Historic house in Ohio, United States

The Fulton Farm, also known as "River Bend Farm," is a historic farmstead in Shelby County, Ohio, United States. Located on the southern side of the city of Sidney, the farm is composed of five buildings spread out over an area of approximately 2 acre. Built primarily in 1848, the distinctively Gothic Revival farm buildings are a leading element of Shelby County rural architecture; few pre-Civil War farmhouses elsewhere in the county are more elaborate. Besides the farmhouse, the complex includes four less important buildings, two brick and two wooden: a smokehouse, a carriage house, and two smaller barns.
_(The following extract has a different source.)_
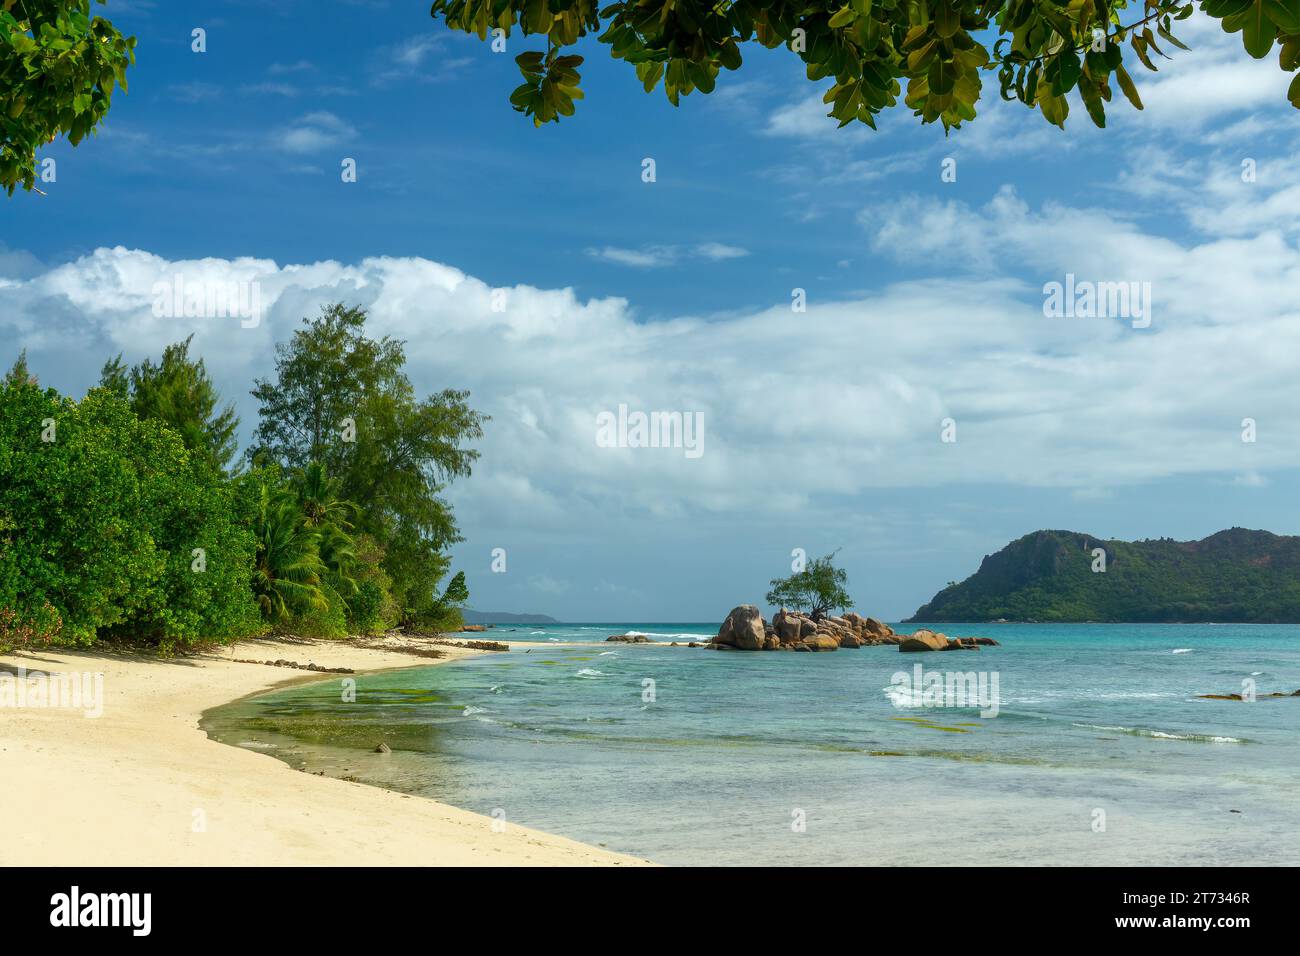 Paysage pittoresque des Seychelles sur l'île de Praslin. Île de Smoon près de la plage d'Anse Takamaka Banque D'Images
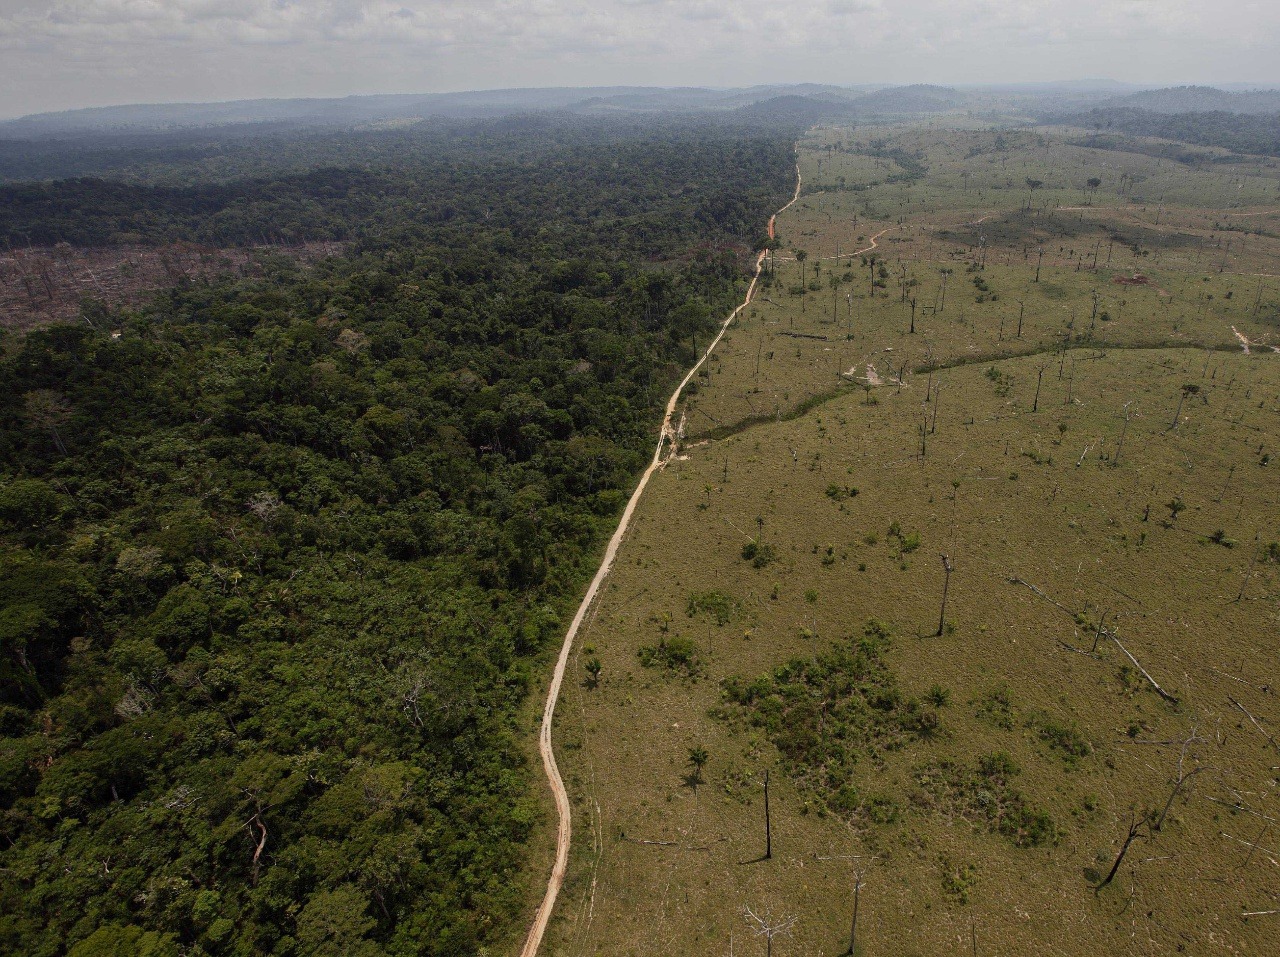 Na základe návrhu by sa mal prales zmenšiť o 3 480 kilometrov štvorcových, ktoré by sa mohli využívať na výrub stromov, ťažbu a poľnohospodárske účely

Prominent farmer Isaac Fulton built the one-and-one-half story farmhouse and other buildings for his wife, the former Jane Taylor, soon after their 1848 wedding. The construction, which was not finished until 1850, was almost entirely Fulton's work; he even made the bricks by himself. Fulton used an unusual floor plan; the house's footprint is asymmetrical, and its windows are a mix of trabeated and traditional Gothic Revival styles. A rectangle large enough to support the entire house would measure approximately 50 ft by 42 ft.

In 1979, the Fulton Farm was listed on the National Register of Historic Places. It qualified for inclusion on the Register because of its impact on two different areas of local history: its well-preserved historic architecture and its place in the development of agriculture in central Shelby County.